What needs to be done =>
Reproduce each line below precisely. Drop the pictures.

Given information =>
Start of Block

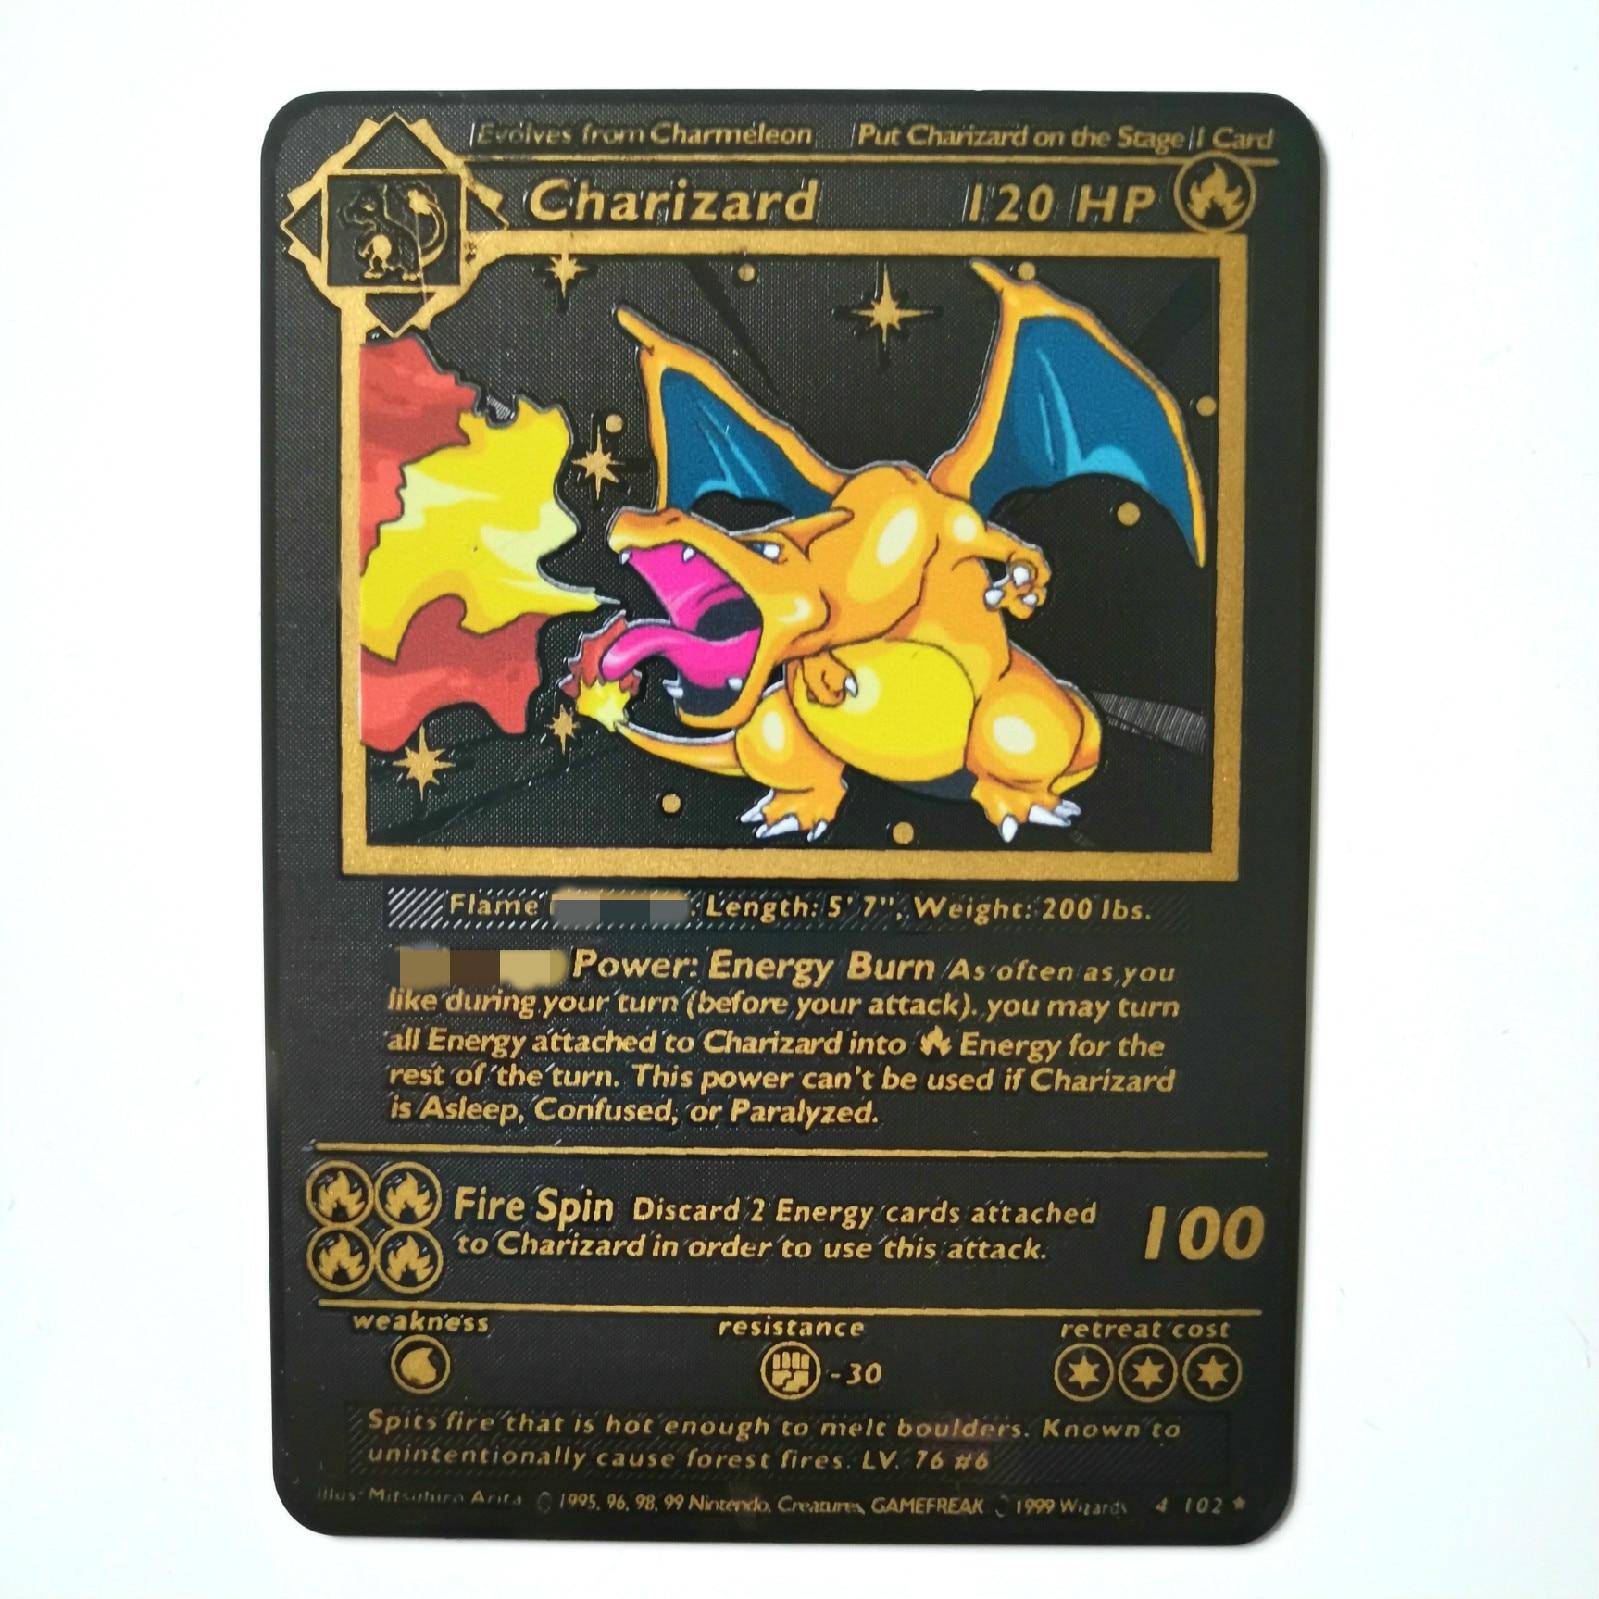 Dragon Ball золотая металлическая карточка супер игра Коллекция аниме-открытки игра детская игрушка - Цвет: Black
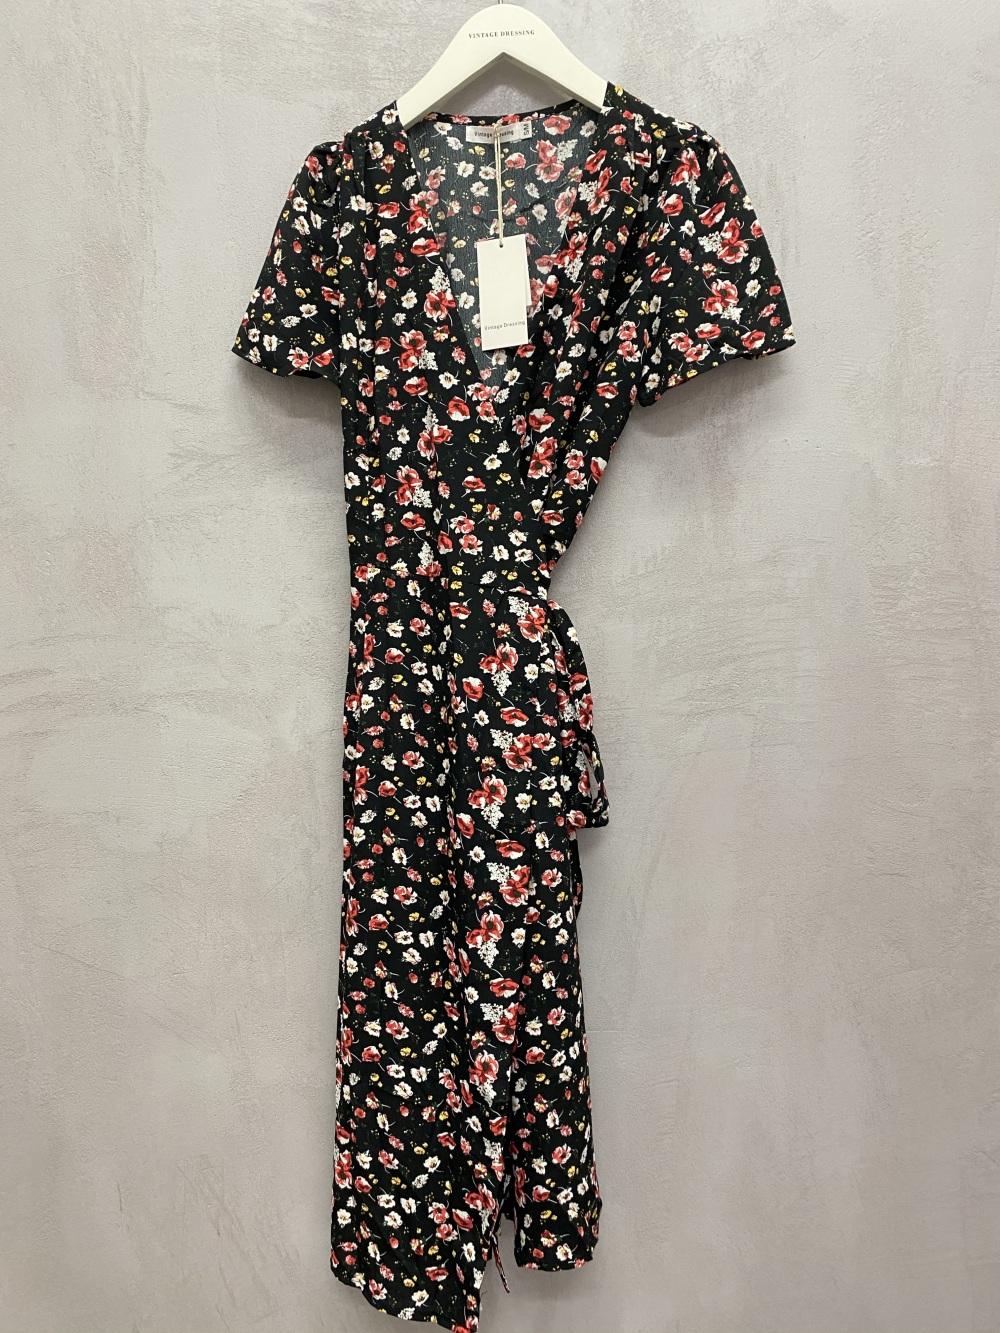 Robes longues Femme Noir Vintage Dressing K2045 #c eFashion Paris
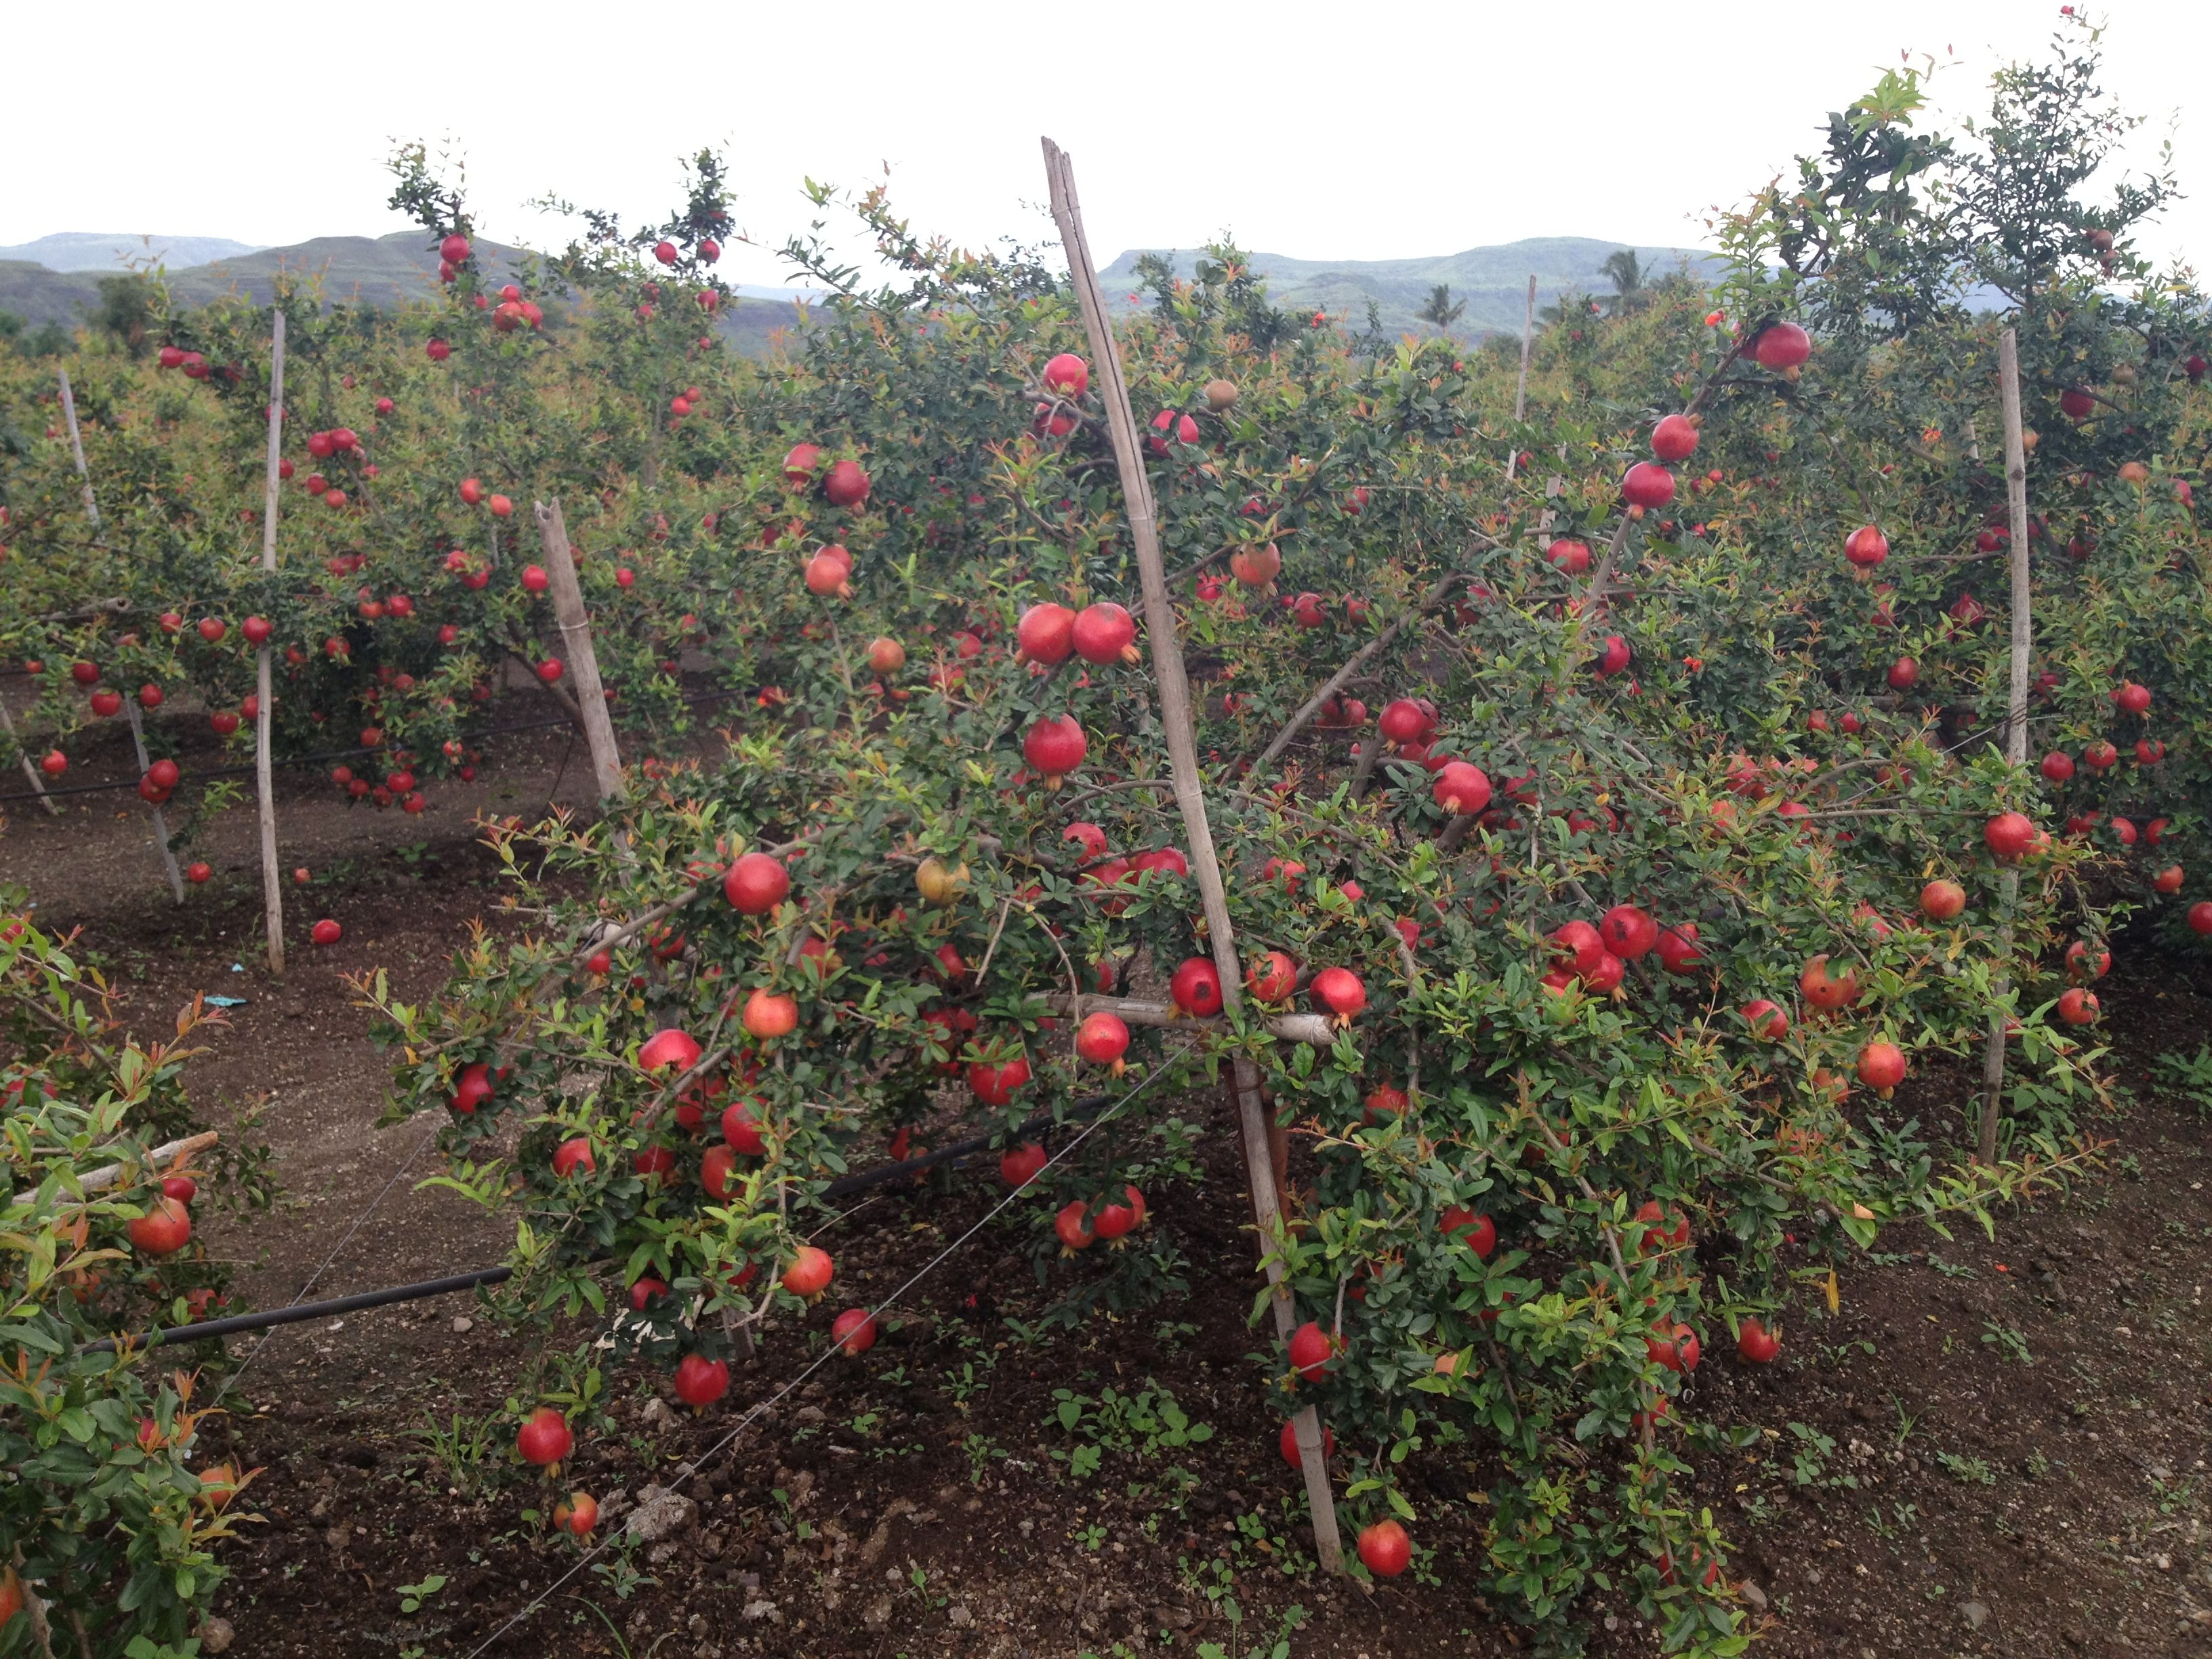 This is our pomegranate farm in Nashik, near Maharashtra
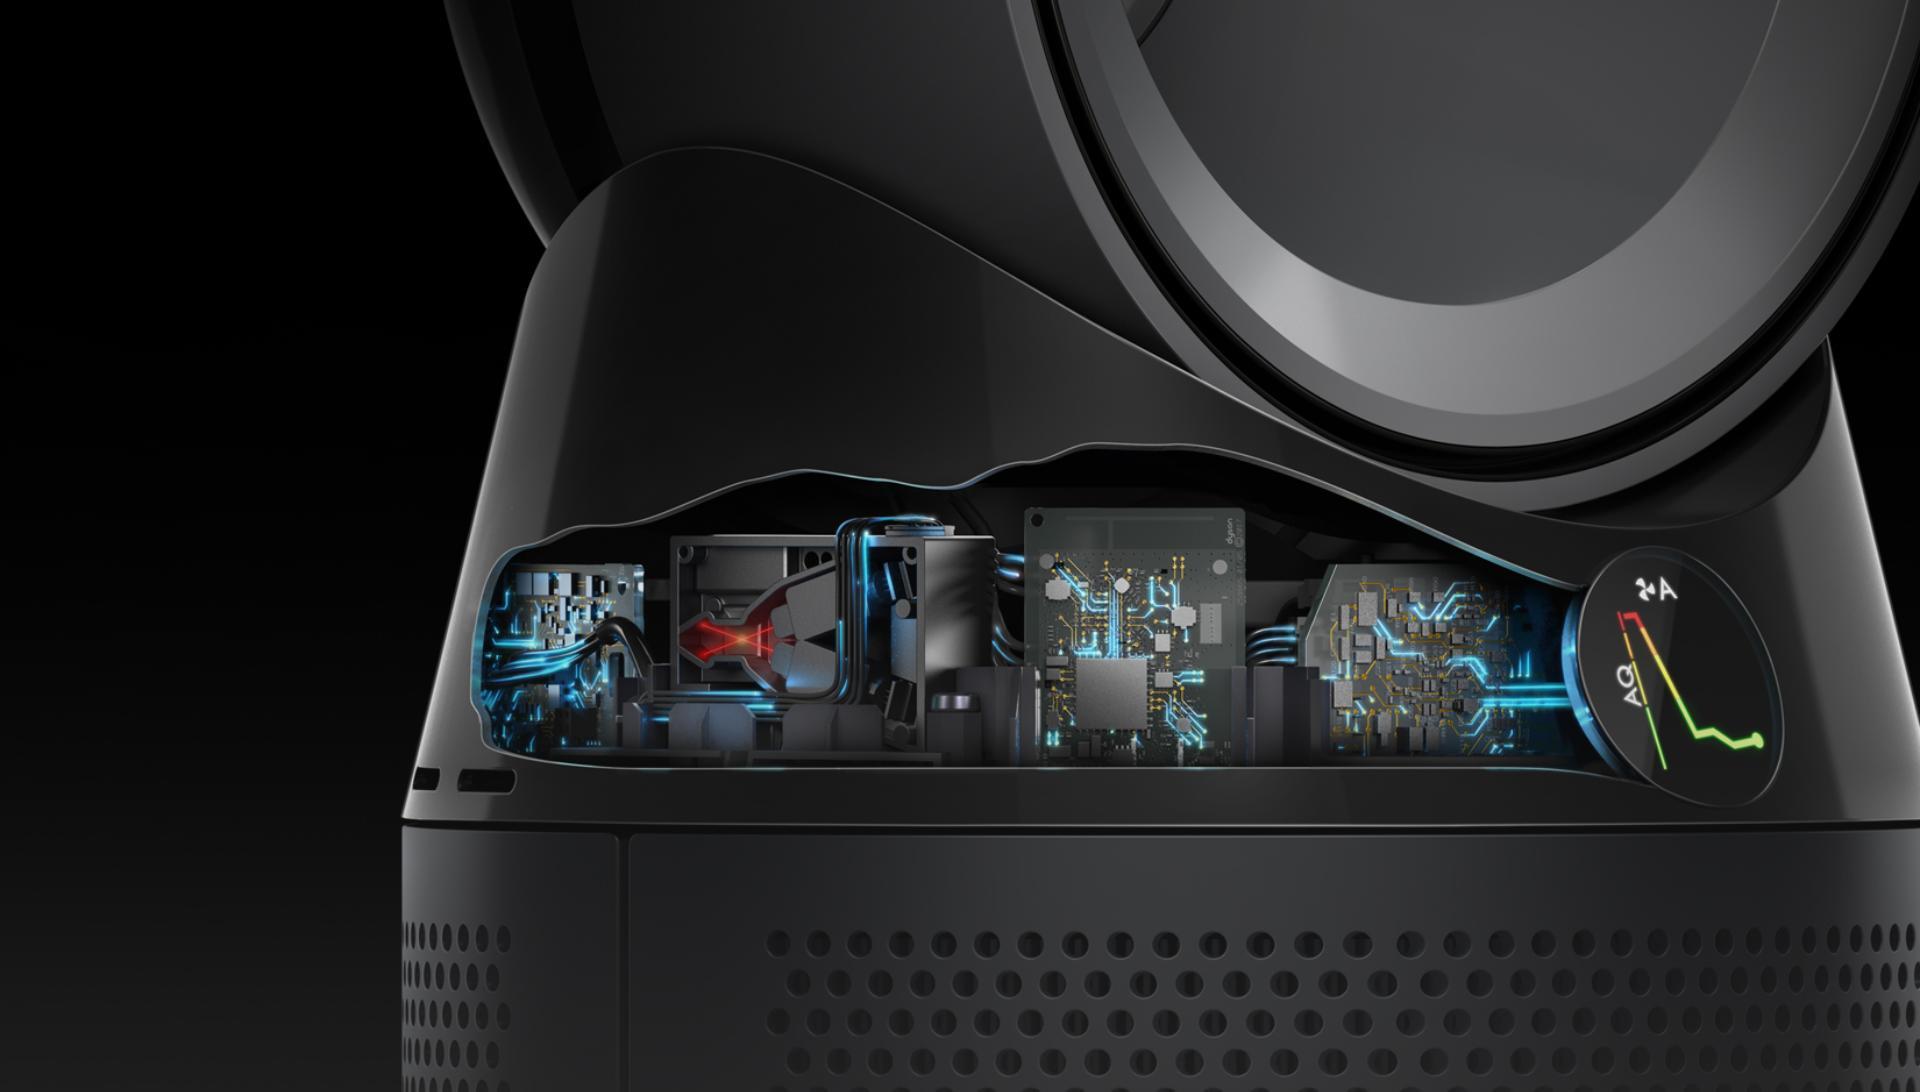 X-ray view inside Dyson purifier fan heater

End of Block

Response to the task =>
 Dragon Ball золотая металлическая карточка супер игра Коллекция аниме-открытки игра детская игрушка - Цвет: Black
 Robes longues Femme Noir Vintage Dressing K2045 #c eFashion Paris
 This is our pomegranate farm in Nashik, near Maharashtra
 X-ray view inside Dyson purifier fan heater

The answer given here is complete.